A faithful transcript of all the lines below, with no pictures, is the goal here.

## DATASET SECTION
>>>

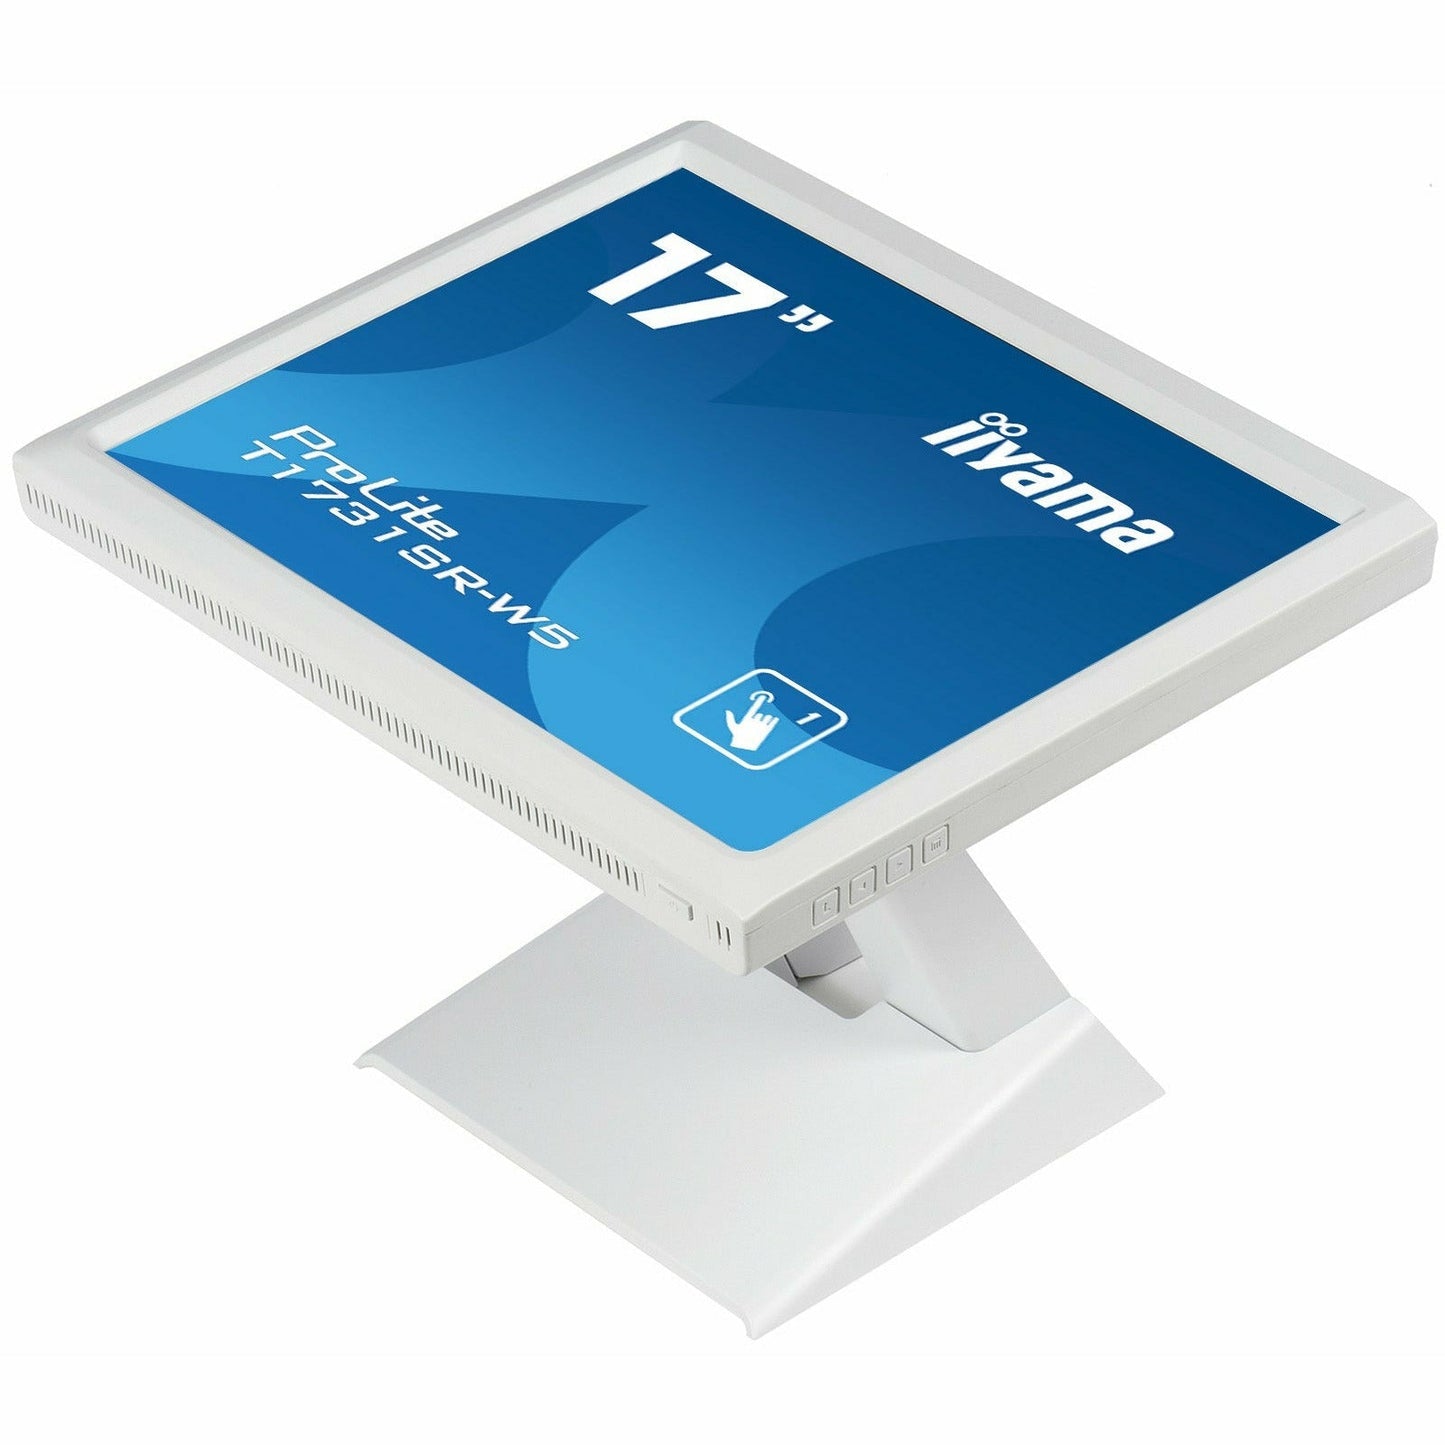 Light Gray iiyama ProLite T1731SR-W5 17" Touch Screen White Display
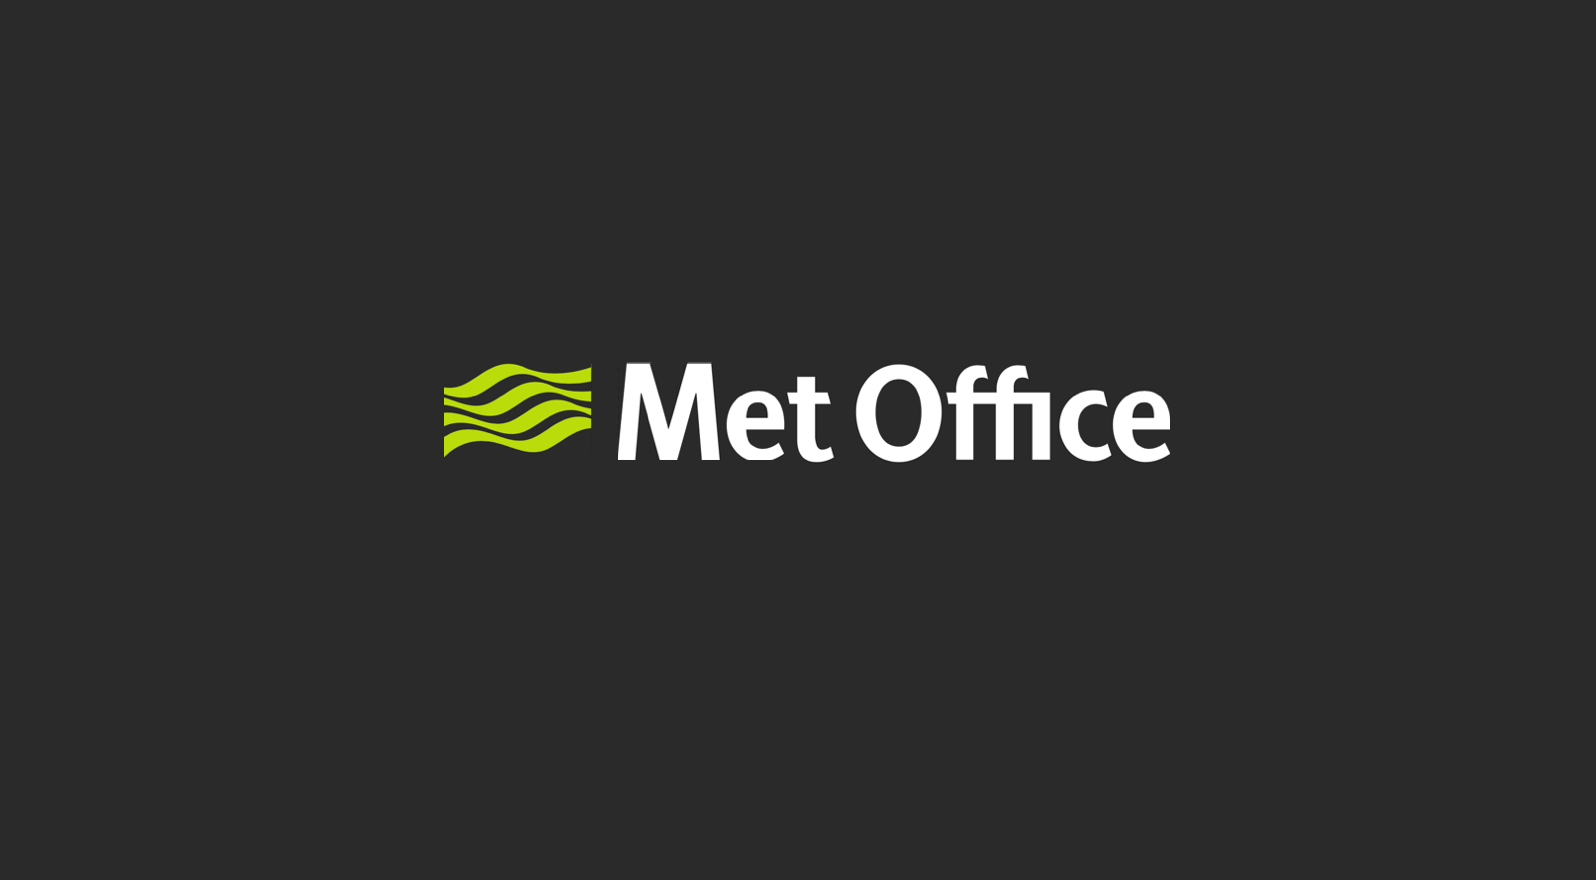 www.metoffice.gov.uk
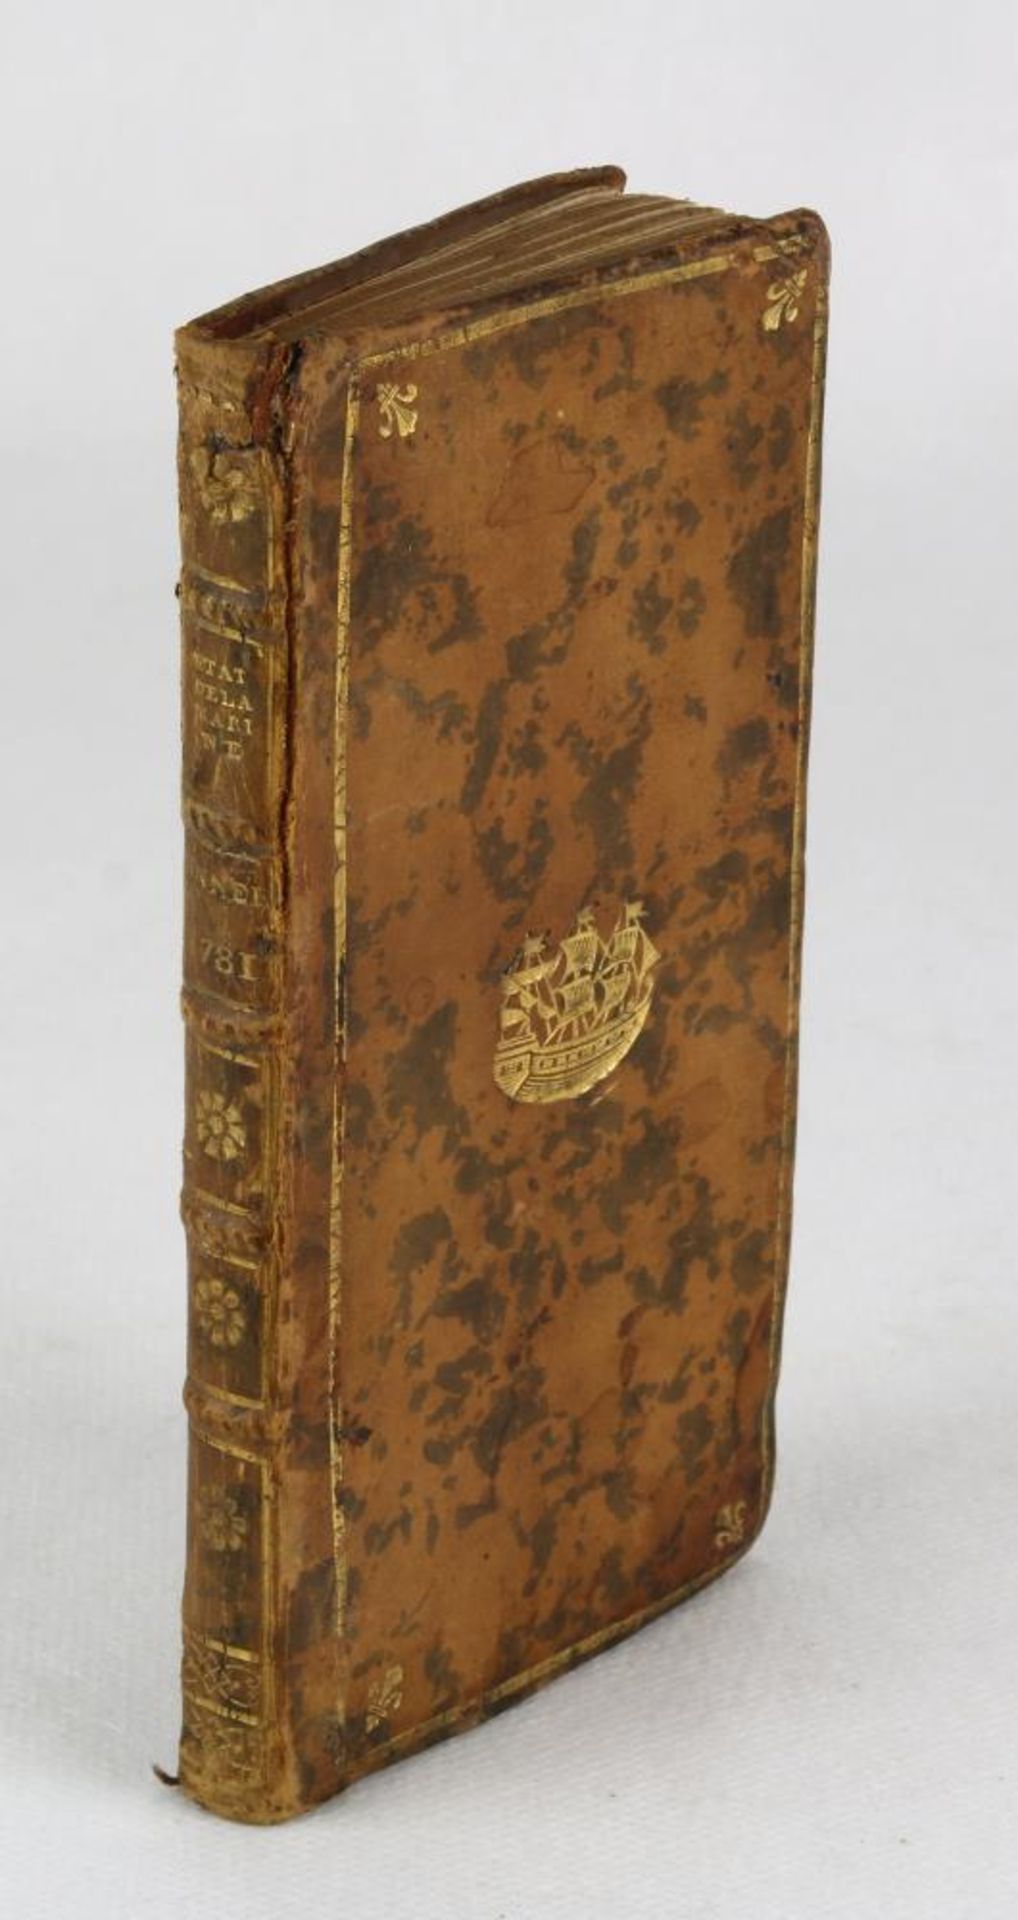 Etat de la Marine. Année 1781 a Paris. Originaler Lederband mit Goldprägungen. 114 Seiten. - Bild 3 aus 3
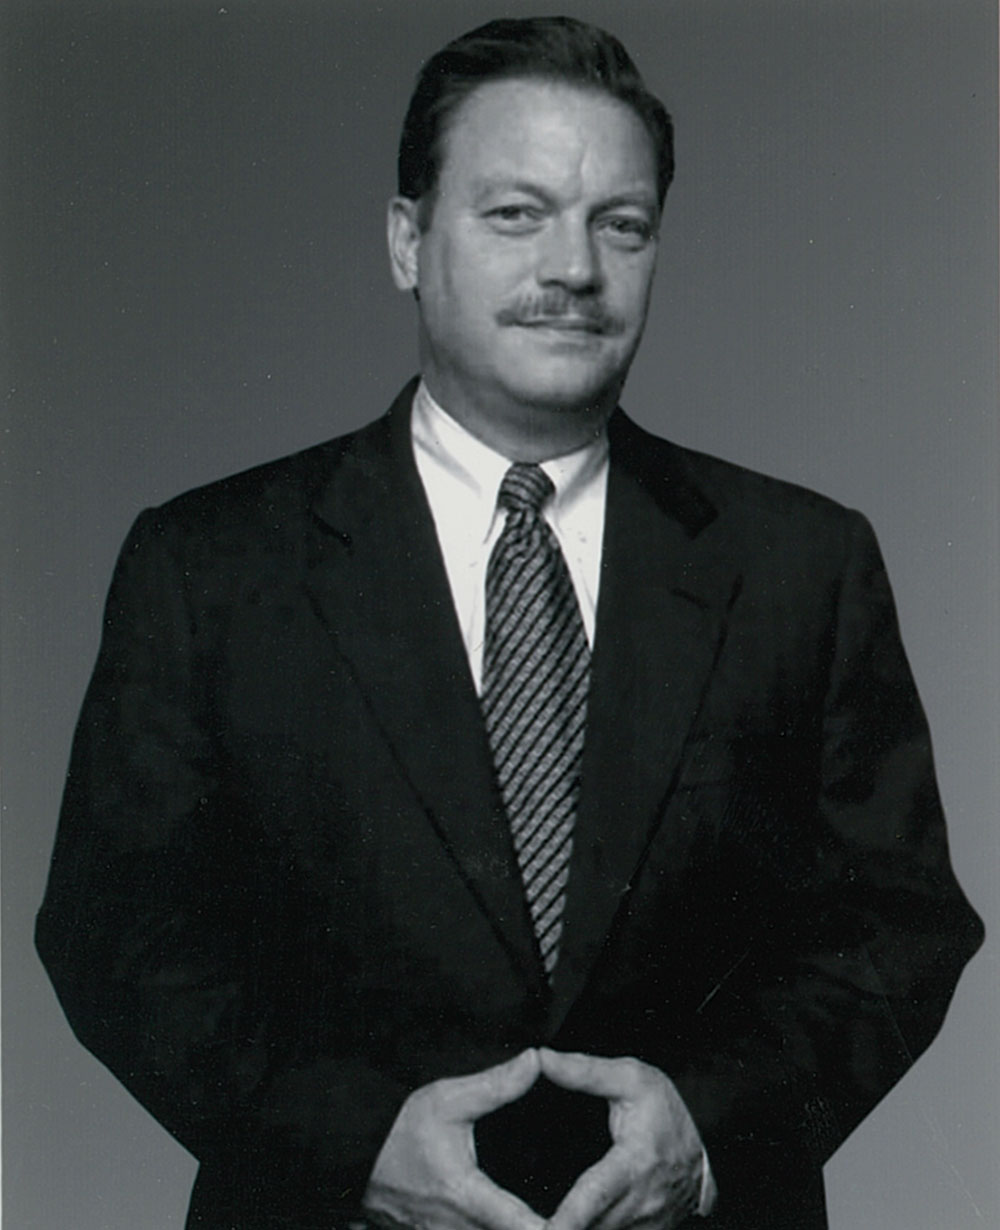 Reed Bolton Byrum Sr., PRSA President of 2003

<<<

## EXPECTED OUTPUT
 Light Gray iiyama ProLite T1731SR-W5 17" Touch Screen White Display
 www.metoffice.gov.uk
 Etat de la Marine. Année 1781 a Paris. Originaler Lederband mit Goldprägungen. 114 Seiten. - Bild 3 aus 3
 Reed Bolton Byrum Sr., PRSA President of 2003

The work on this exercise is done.